Residue Analysis of Oxytetracycline in Milk Sample by Two Different Chromatographic Methods and Determination of Ionization Constant Values
Seyfi Sardoğan
Department of Food Engineering, Faculty of Engineering, Uşak University, Uşak, Turkey.
Senem Şanlı *
Department of Chemistry, Faculty of Science and Arts, Uşak University, Uşak, Turkey and Department of Medical Laboratory Techniques, Vocational School of Health Services, Uşak University, Uşak, Turkey.
Barış Sardoğan
Department of Rectorate, Uşak University, Uşak, Turkey.
Barış Atalay
İzmir Kavram Vocational College of Higher Education, İzmir, Turkey.

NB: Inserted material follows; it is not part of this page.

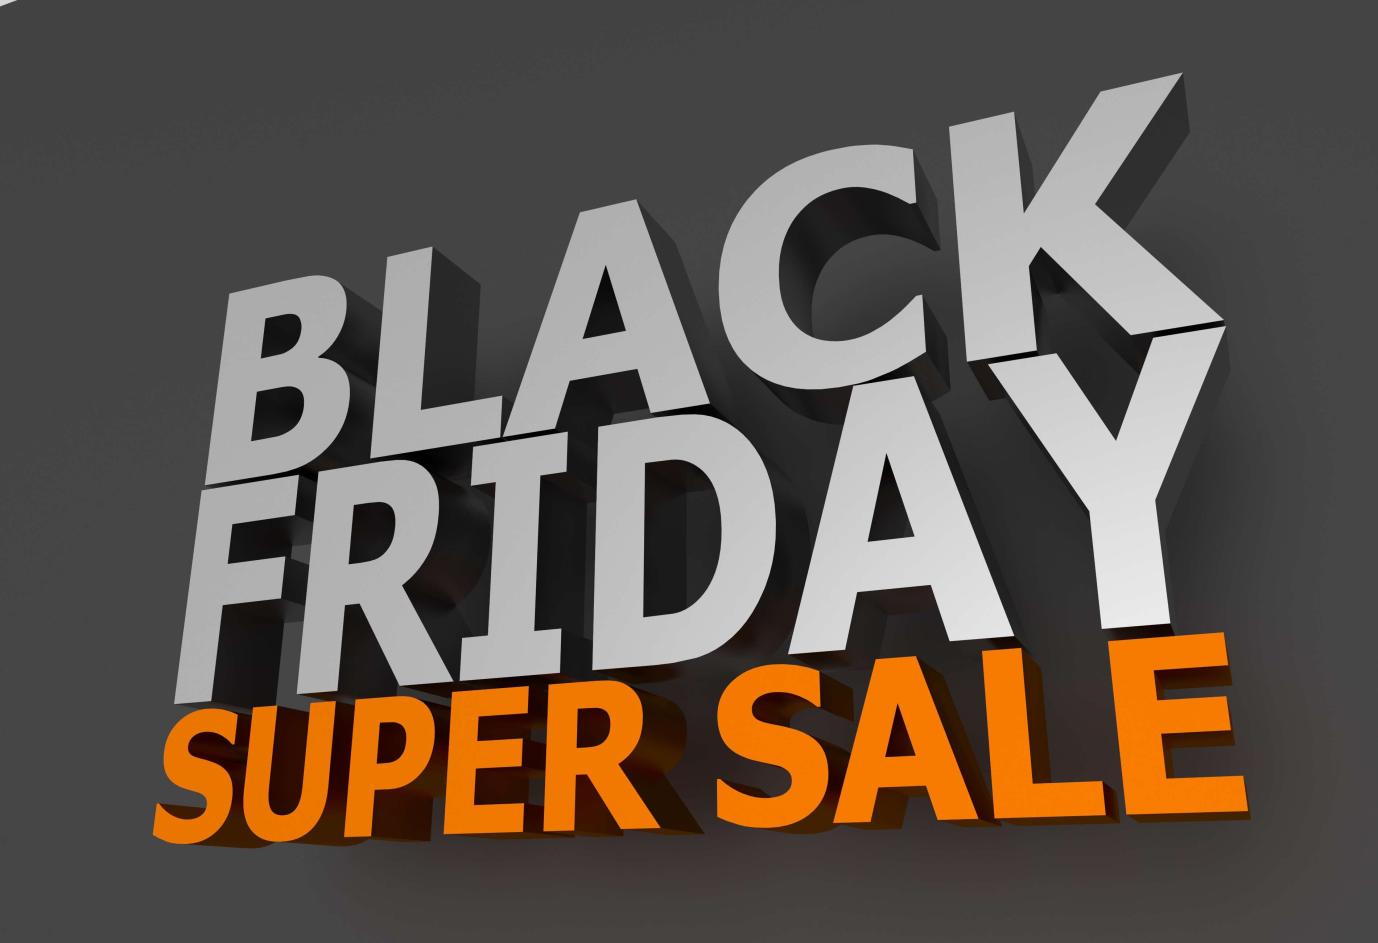 Black Friday Deals: Are They Worth The Hype?

*Author to whom correspondence should be addressed.
Abstract
In the present study, two analytical methods for the residue analysis of oxytetracycline in milk sample have been generated. In HPLC method, the analysis was performed on an X Terra RP-18 column at 25 °C with the mobile phase as methanol: water (20 : 80 )(v/v) modified to pH 5. For the second method capillary electrophoresis system was used. The analysis of oxytetracycline in milk sample could be achieved without using organic modifier in a 58 cm length capillary at a working voltage of 12 kV with 20 mM NaH2PO4-H3PO4 (pH 7) by capillary electrophoresis. Tetracycline was used as internal standard in both methods. The results calculated from both methods were compared to each other. The calculated data for drugs was checked with the data predicted by the SPARC on-line pKa estimator.
Keywords: Oxytetracycline, milk, residue analysis, HPLC, capillary electrophoresis.